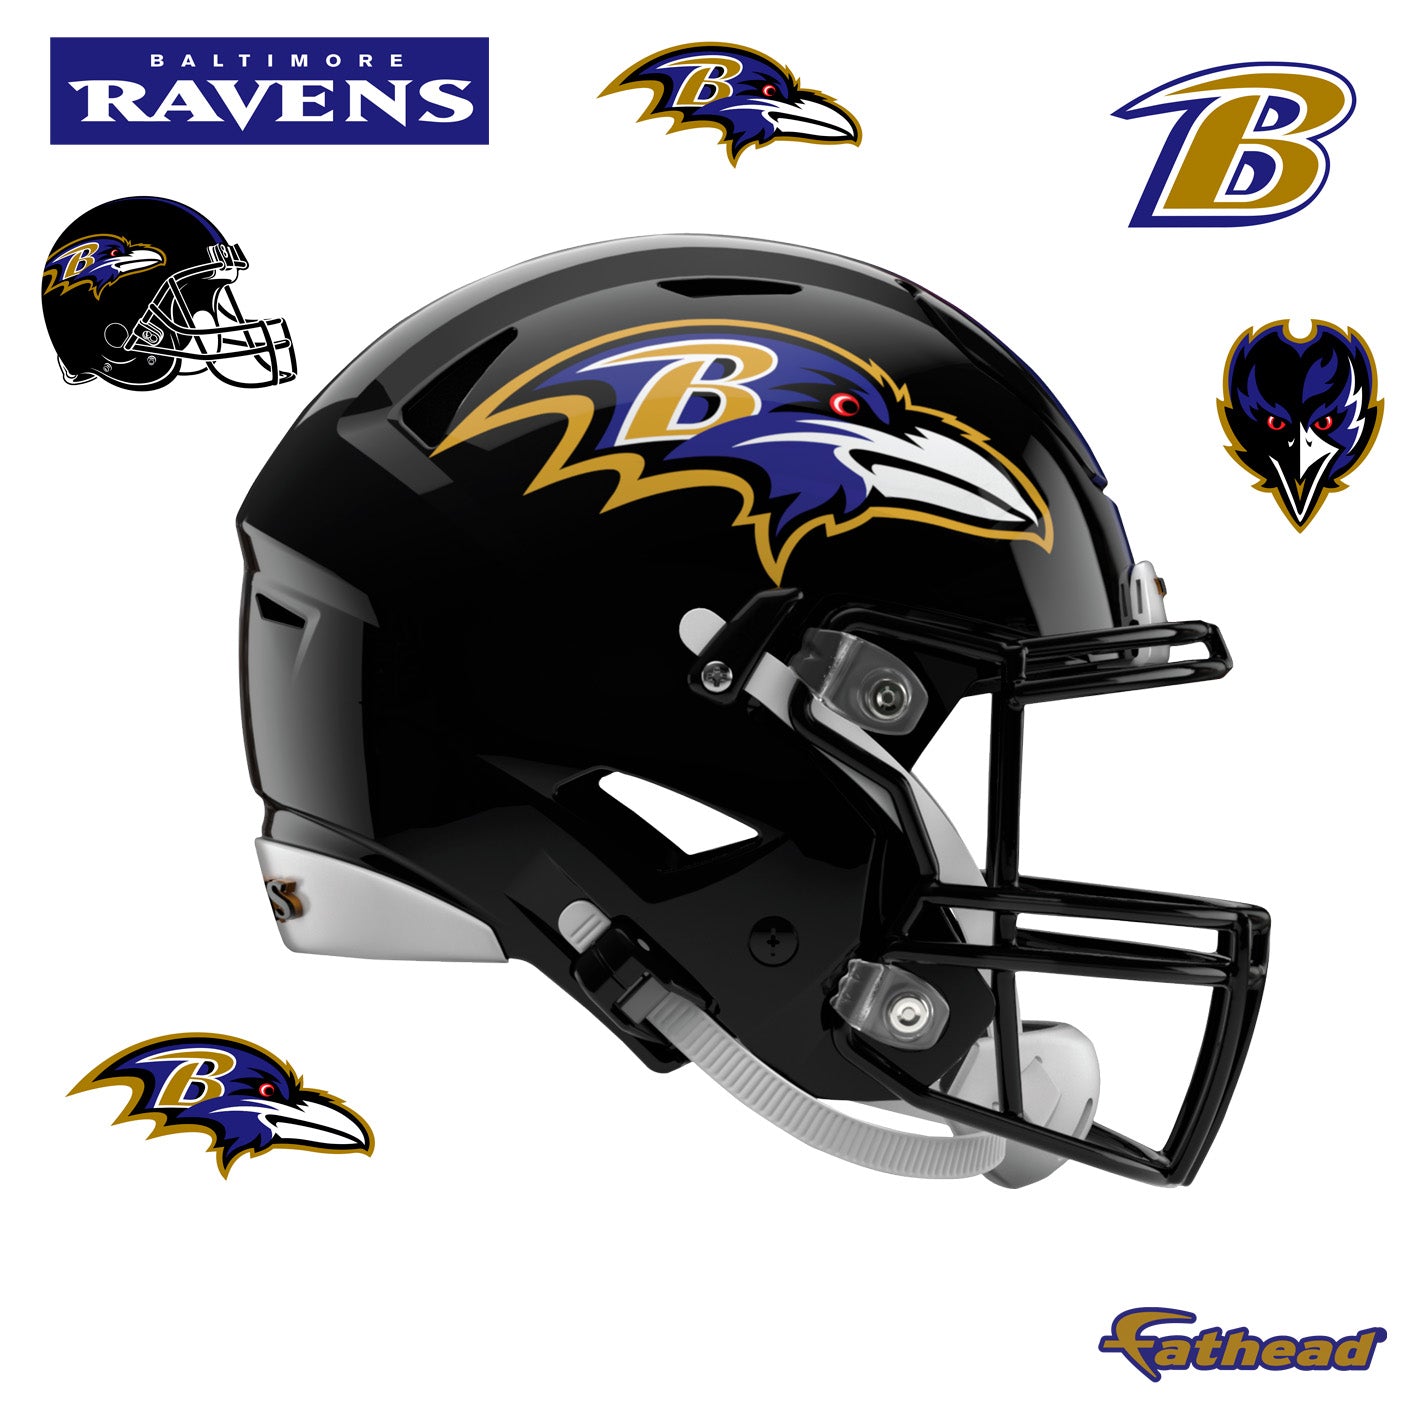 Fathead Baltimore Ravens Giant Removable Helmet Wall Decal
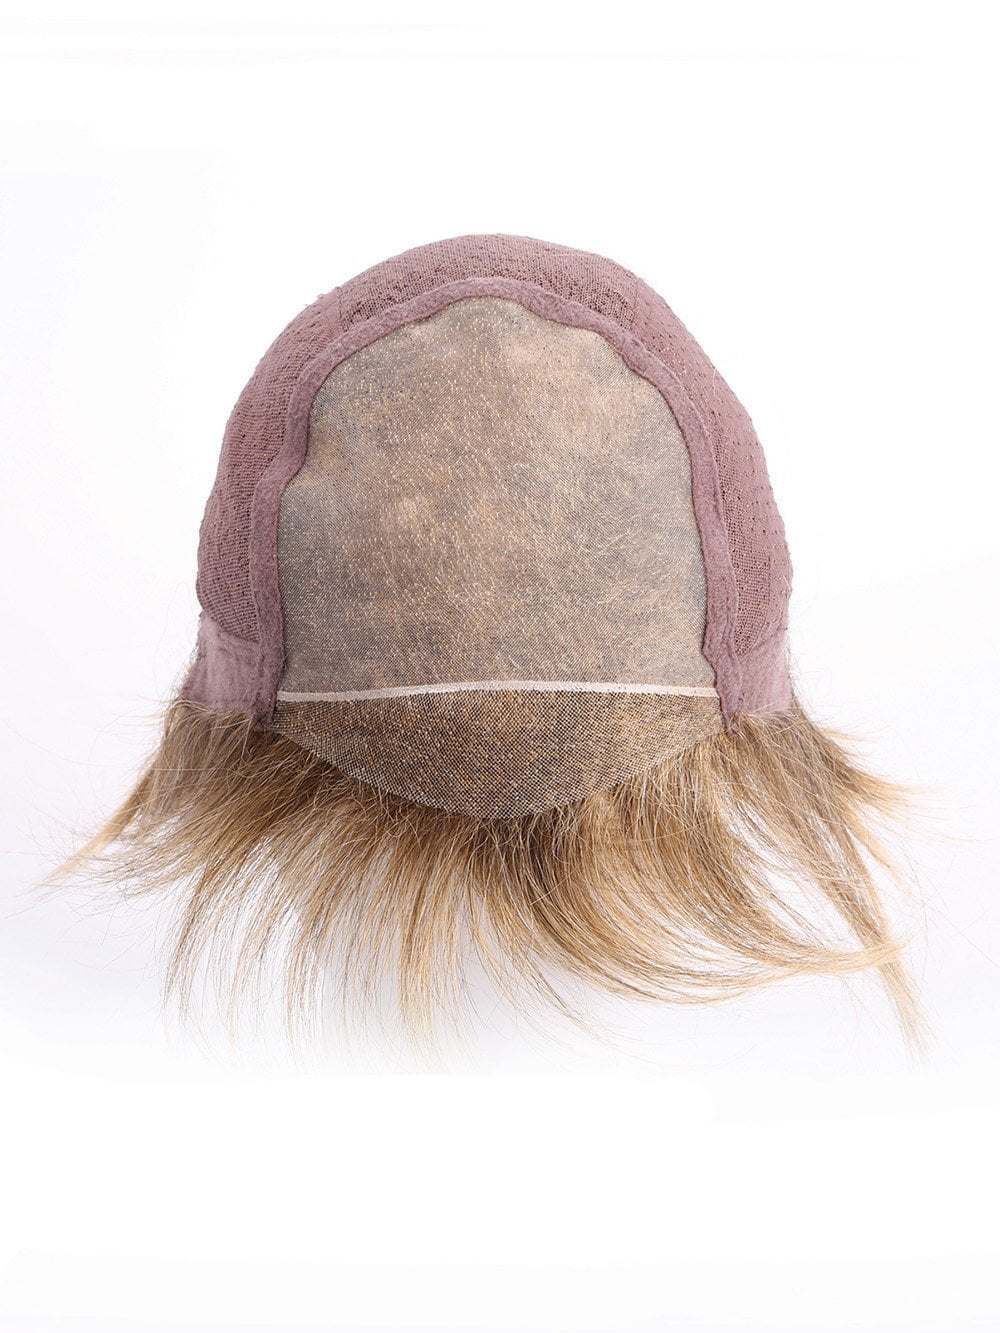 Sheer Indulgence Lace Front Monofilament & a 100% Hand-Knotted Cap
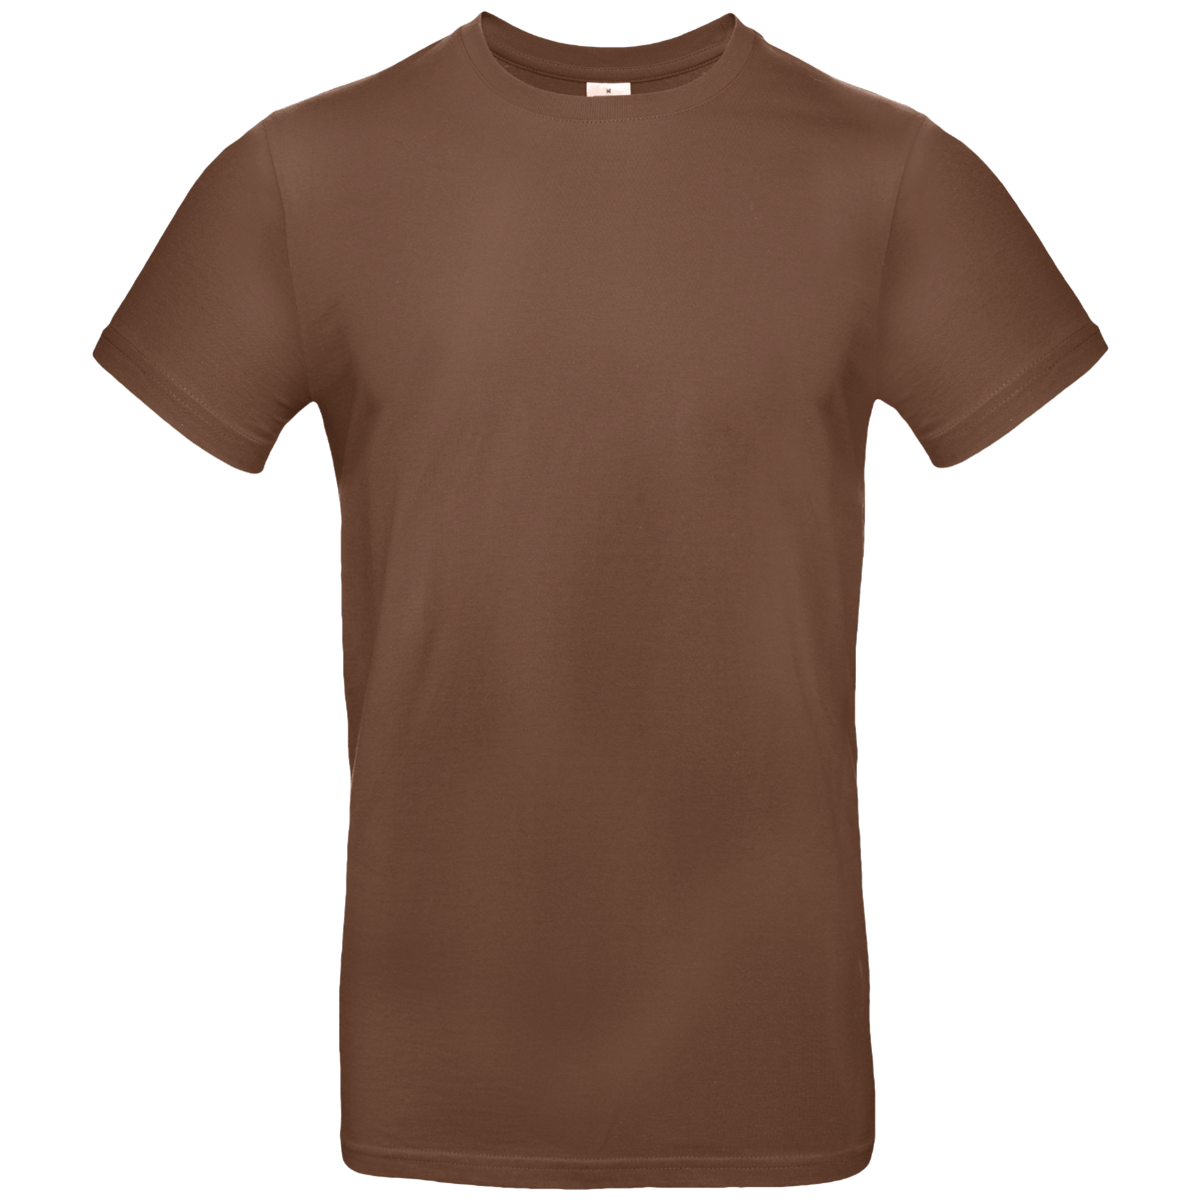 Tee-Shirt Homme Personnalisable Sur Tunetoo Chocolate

================

• [WORK INSTRUCTIONS] Reproduce the material in its entirety and word for word, without the pictures.

• [EXERCISE OUTPUT]
 Fathead Baltimore Ravens Giant Removable Helmet Wall Decal
 Sheer Indulgence Lace Front Monofilament & a 100% Hand-Knotted Cap
 Tee-Shirt Homme Personnalisable Sur Tunetoo Chocolate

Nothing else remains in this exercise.